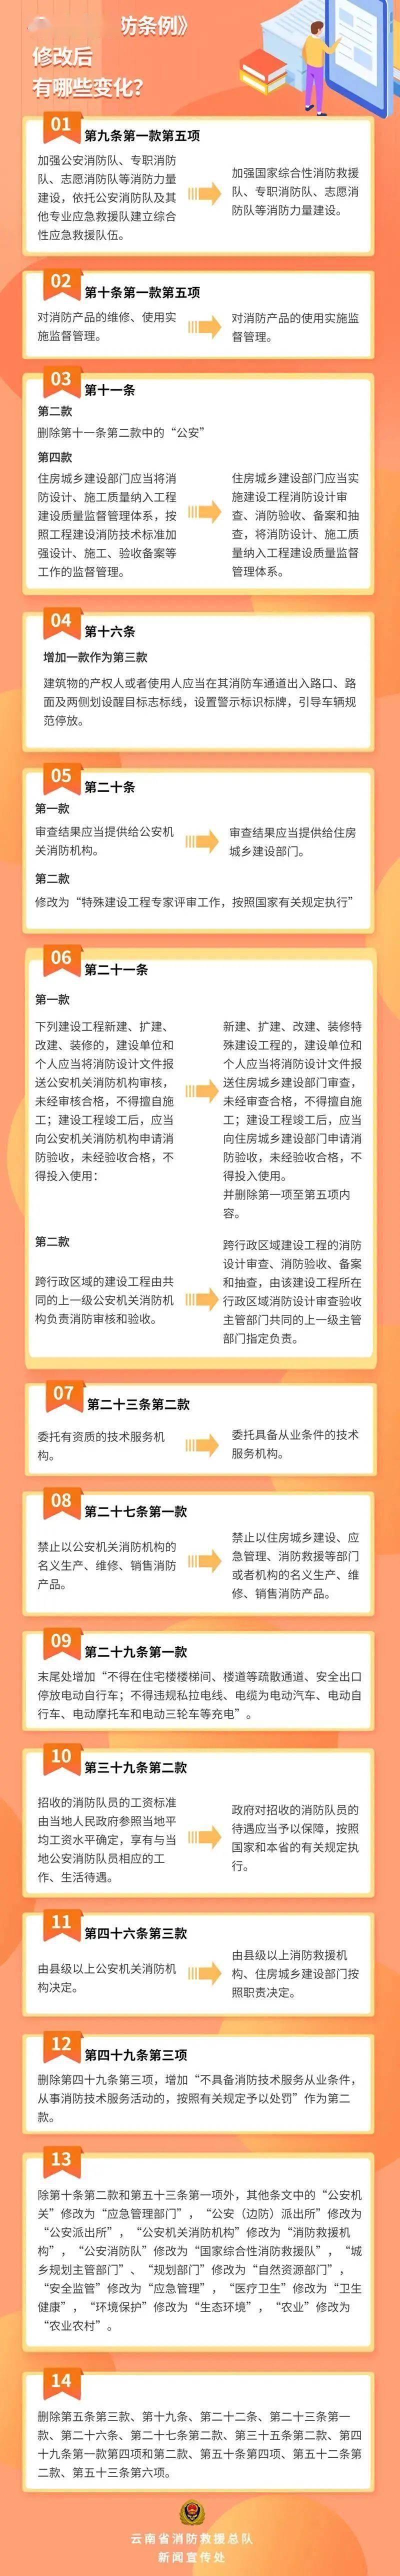 你知道吗?新修改的《云南省消防条例》有这些变化……
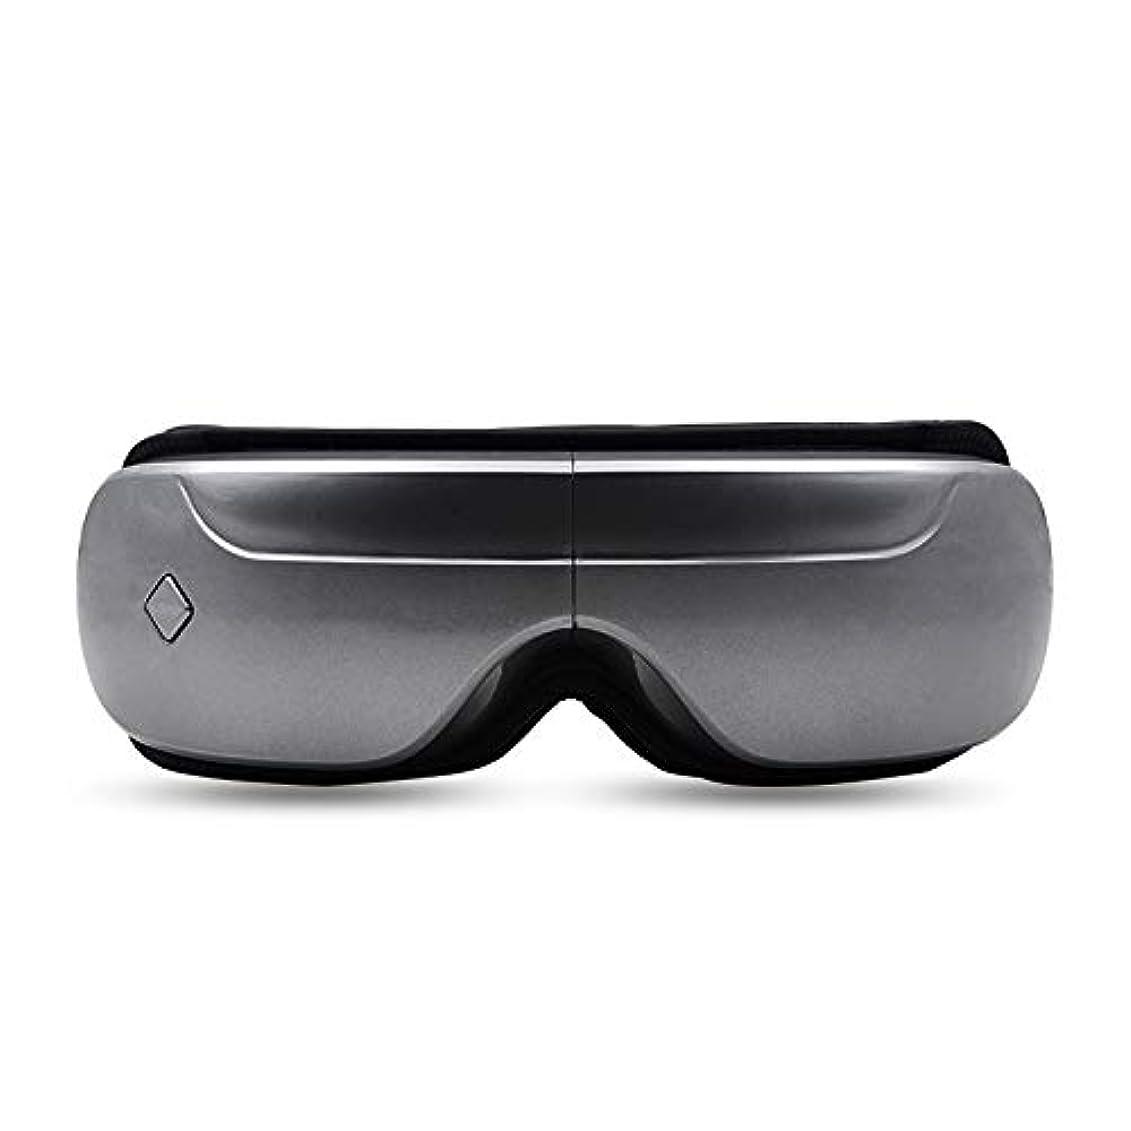 メーター周囲前投薬ワイヤレスアイマッサージャーなだめるような疲れ目を保護する器具で、近方視力のアイマッサージャーを改善する,Gray
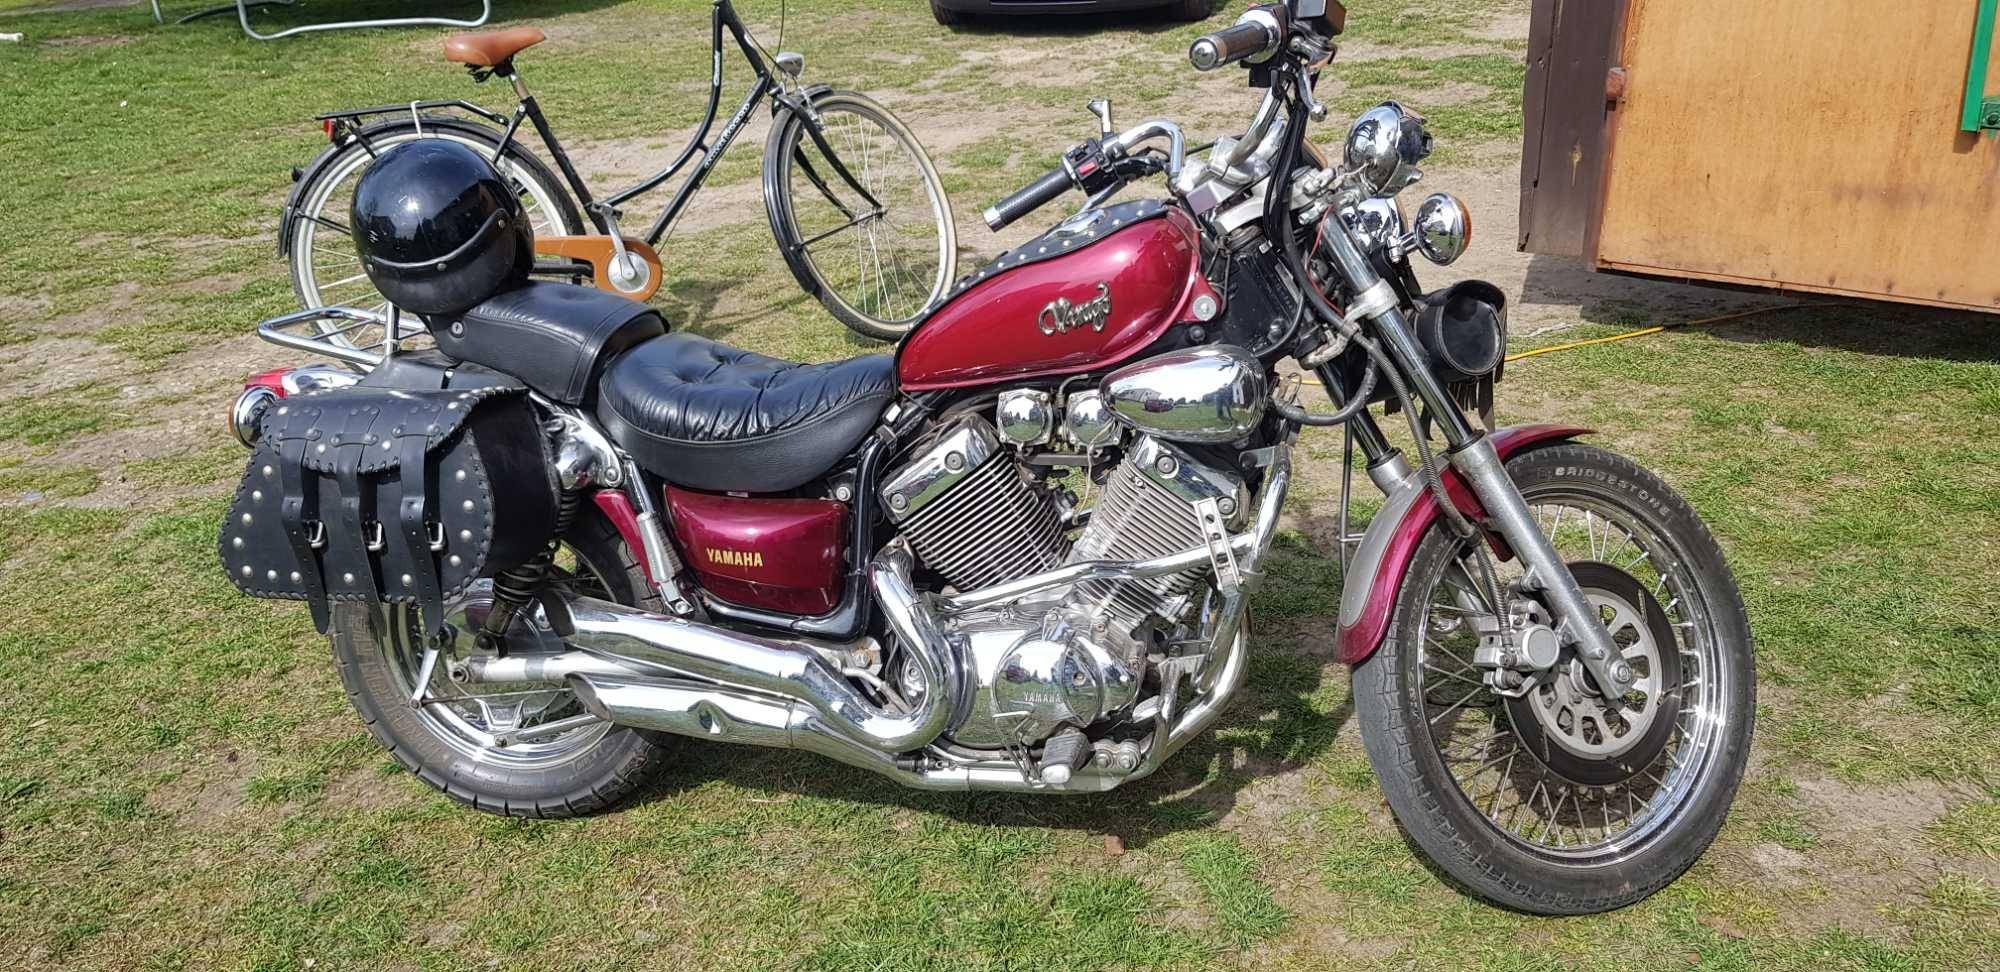 Yamaha virago 535 sprzedam
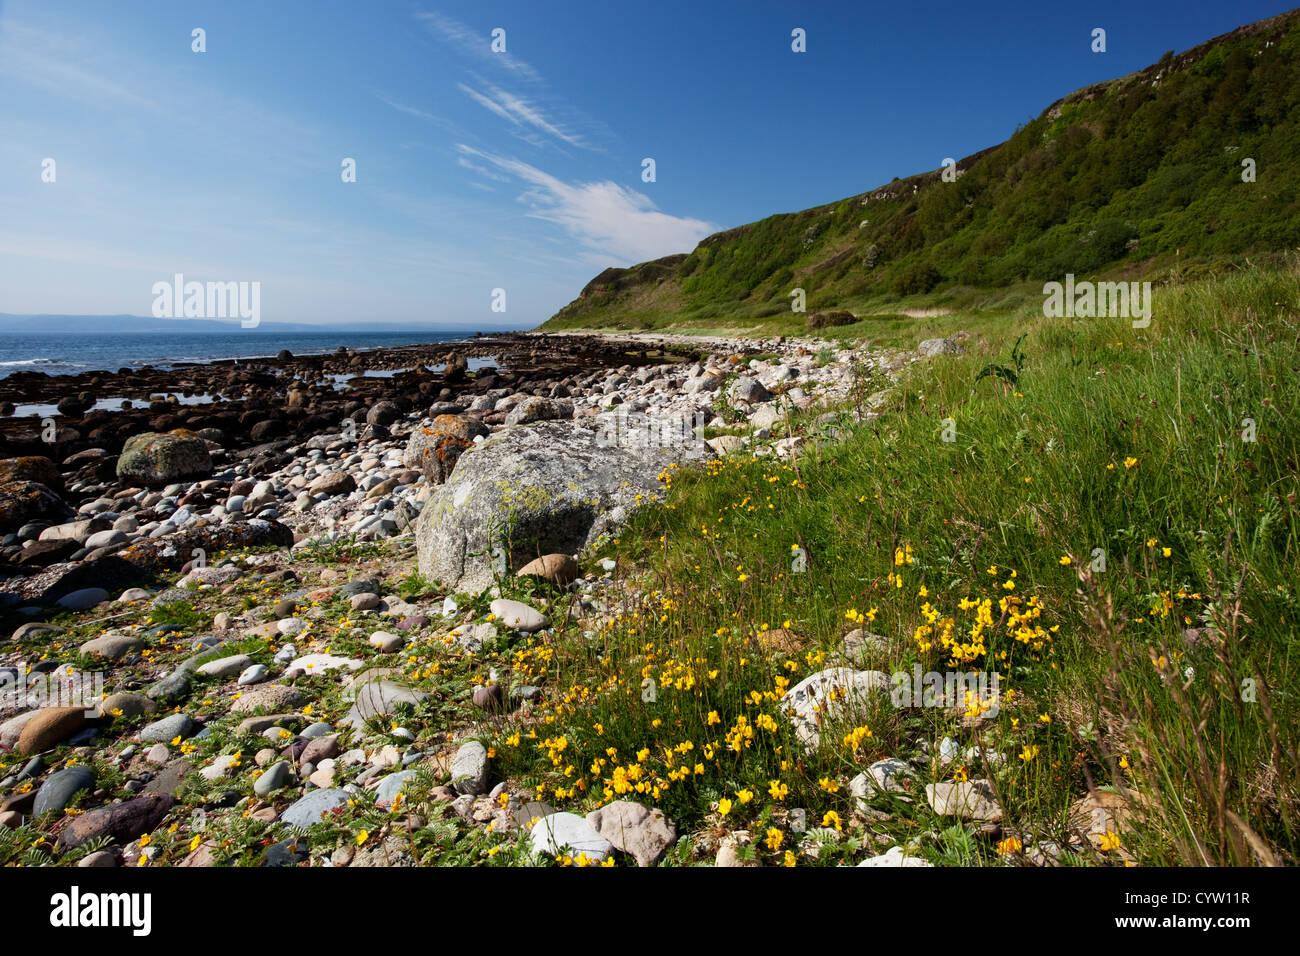 Afficher le long de la côte au Drumadoon près de Blackwaterfoot sur l'île d'Arran, Ecosse, Royaume-Uni Banque D'Images

* _Required action_
Beginning with the line that contains "Yamaha virago 535 sprzedam" and ending with the last line of the data above, output those lines exactly and nothing more, without any pictures.

* _Completed task_
 Yamaha virago 535 sprzedam
 Afficher le long de la côte au Drumadoon près de Blackwaterfoot sur l'île d'Arran, Ecosse, Royaume-Uni Banque D'Images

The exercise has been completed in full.